Van der Waals Heterostructures: From Bulk Crystals to Devices

Materials science has made leaps in recent decades, particularly with the discovery and manipulation of two-dimensional (2D) materials—ultrathin sheets of atoms with unique electronic and magnetic properties. Everything began with the discovery of graphene in 2004, a single layer of carbon atoms with exceptional electrical and mechanical properties. Researchers in Manchester were able to separate a single layer of carbon from its bulk crystal using household sticky tape.

Building on this discovery, researchers began exploring other 2D materials, broadening the possibilities of material science. In the beginning, only a handful of materials were known and used for research. In addition to metallic graphene and insulating hexagonal boron nitride (hBN), more and more materials have been discovered, including magnetic materials, semimetals, and superconductors.

By stacking different 2D materials on top of each other, scientists can create van der Waals heterostructures. These engineered materials offer unprecedented control over electronic and optical properties, leading to significant advancements in electronics, quantum computing, and spintronics., named after the weak interlayer forces that hold them together. These structures allow researchers to tailor new materials with properties that do not exist in nature, leading to advancements in electronics, quantum computing, and spintronics. While the initial methods for creating artificial crystals were highly complex and had limited success, this changed with the introduction of the PDMS-PC dry stacking technique. A device that was created using this technique is shown in Fig. 1. The bulk material images were taken from the website of the Quantum Materials Lab of the University of Arkansas which provides a great overview of exfoliatable materials.

Before constructing these heterostructures, researchers must first prepare the thin crystal sheets. Using adhesive tape, thin flakes of layered crystal are peeled from a bulk crystal. Basically, the thickness of the crystal pieces is halved with every iteration of opening and closing a piece of tape. Instead of the household scotch tape, researchers nowadays employ blue tape. This tape type of tape is usually used to cover example items to protect their surfaces and is used by researchers due to its low adhesive residues. The process is shown in Fig. 2. These flakes are then transferred on silicon wafers and inspected under an optical microscope to identify those with the right thickness and quality.

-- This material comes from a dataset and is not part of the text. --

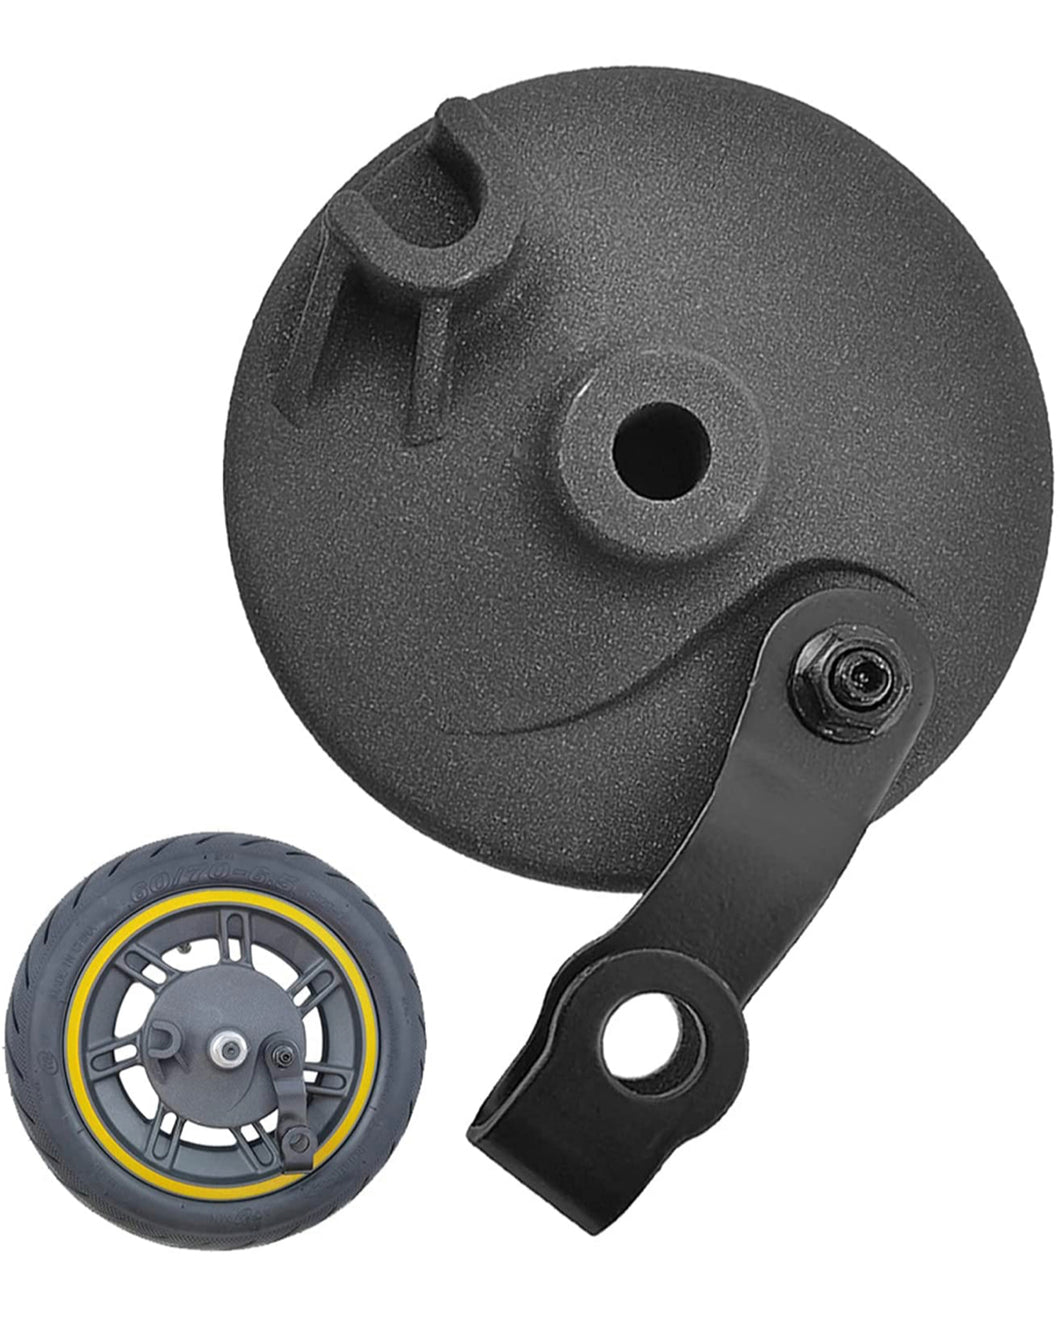 Ersatzteil: Vorderradbremse Vorderrad Radnabenbremse für Ninebot Max G30D E-Scooter Radbremsbeläge Trommelbremse Bremsdeckel

With the selected flakes in hand, researchers use the PDMS (polydimethylsiloxane)/PC (polycarbonate) Dry Transfer method to assemble artificial crystals layer by layer, ensuring precision and purity. As illustrated in Fig. 3, this process involves several key steps that allow for high control over layer alignment and minimal contamination.

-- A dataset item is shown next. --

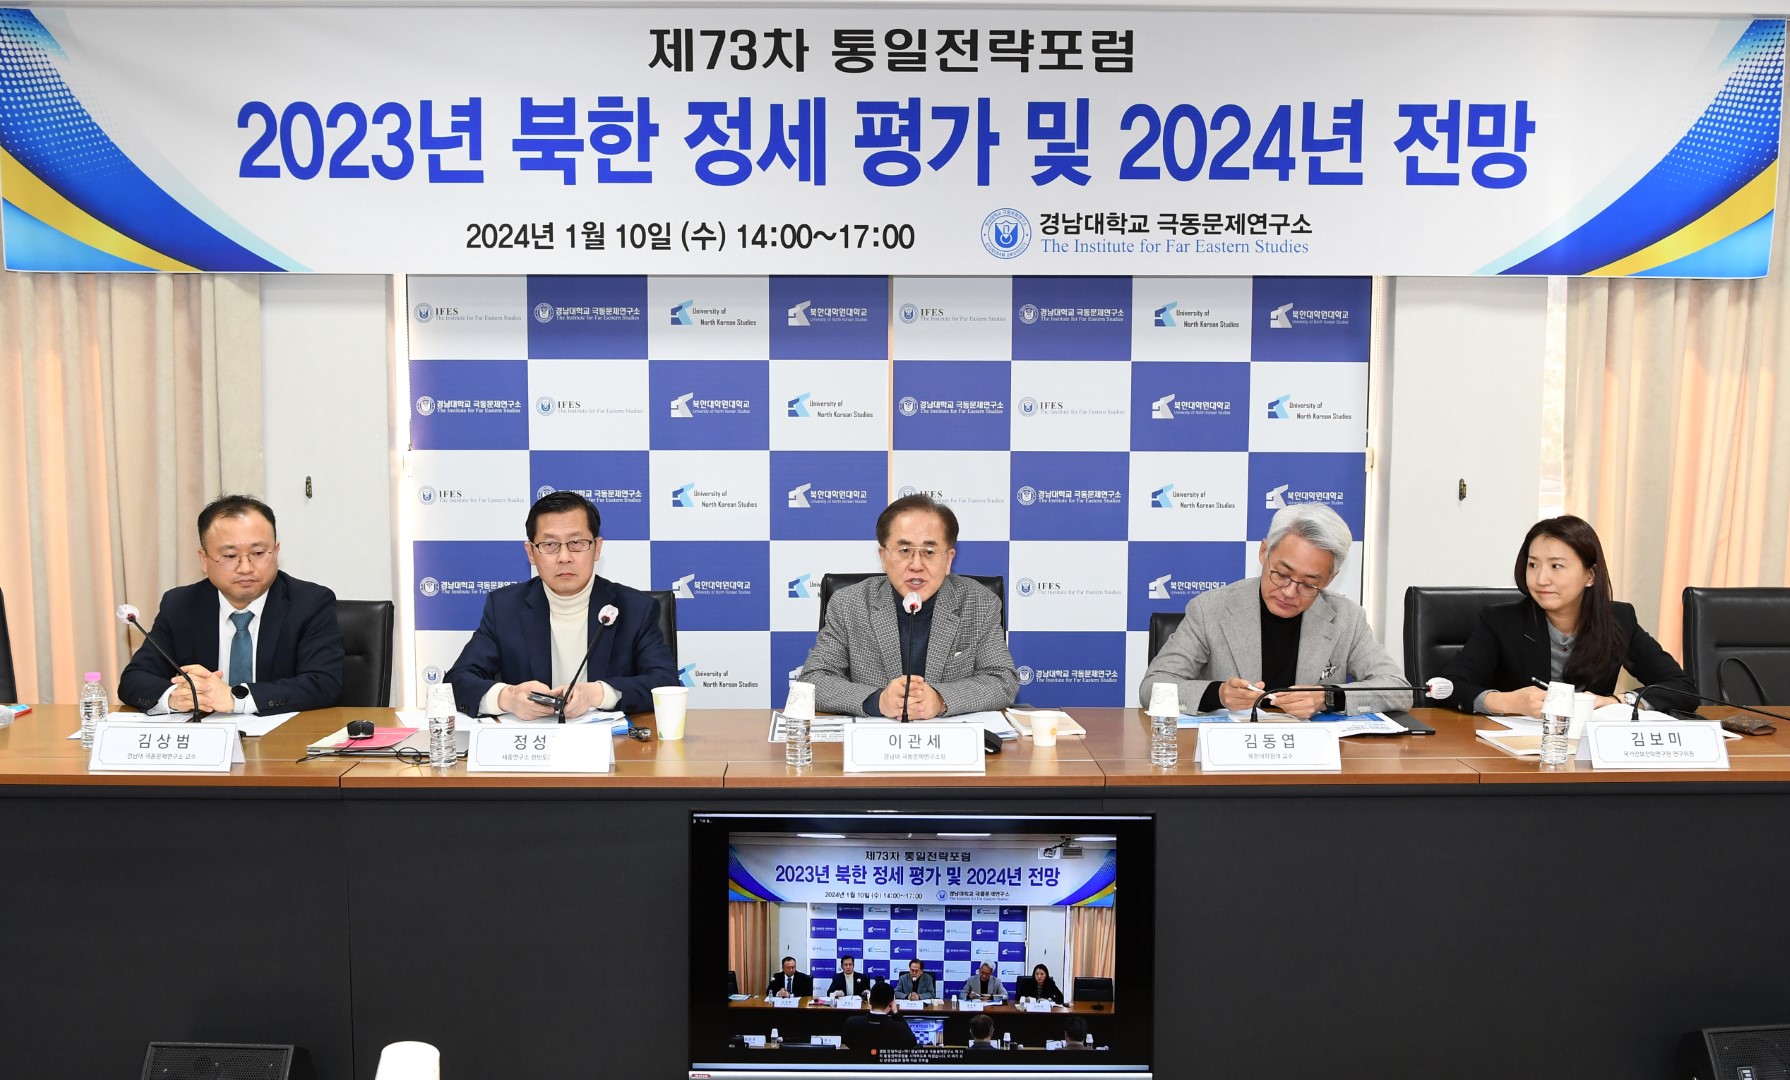 『제73차 통일전략포럼』“2023년 북한 정세평가 및 2024년 전망” 개최 대표이미지

A PDMS stamp coated with a thin layer of PC is used to pick up an exfoliated 2D material. This stamp is then aligned over the target substrate under a microscope. By carefully controlling the temperature and pressure, the material is released onto the stack without contamination. The polycarbonate layer is later dissolved, leaving a clean heterostructure. This dry transfer method provides a high level of control over layer alignment and minimizes impurities, making it an essential tool for studying and engineering advanced 2D material-based devices. Following, the steps are described in more detail:

1. Flake Selection and Alignment: A PDMS stamp coated with a thin layer of PC is first aligned over a selected 2D material flake using a microscope. This step ensures precise positioning of the flake for pickup.
2. Flake Pickup: The stamp is gently pressed onto the flake while applying mild heat. This softens the PC layer, allowing the flake to adhere to it. Once lifted, the flake is securely attached to the stamp.
3. Stacking Multiple Layers: The pickup process can be repeated to stack multiple flakes on top of each other. Typically, only the first flake requires heat; subsequent flakes attach through van der Waals forces alone.
4. Substrate Transfer: After assembling the desired stack, the PDMS-PC stamp is moved to a different substrate, such as a silicon wafer or a pre-patterned chip with electrical contacts.
5. Final Alignment and Deposition: The flake is carefully positioned over pre-fabricated electrical contacts and deposited at temperatures above 160°C, which ensures good adhesion and minimizes contamination.
6. Polycarbonate Removal: The PC layer is dissolved using chloroform, leaving behind a clean, high-quality van der Waals heterostructure, ready for further experiments or device fabrication.

Ultimately, van der Waals heterostructures serve as a foundation for next-generation nanotechnology, enabling innovations in data storage, high-speed electronics, and beyond. From spintronic devices that store information using electron spin to high-speed, ultra-efficient transistors, these materials push the boundaries of what is possible. By refining fabrication techniques, researchers can fine-tune these structures to develop new quantum materials, flexible electronics, and energy-efficient computing devices. As our ability to design and manipulate materials at the atomic level continues to improve, van der Waals heterostructures will remain at the forefront of scientific and technological breakthroughs.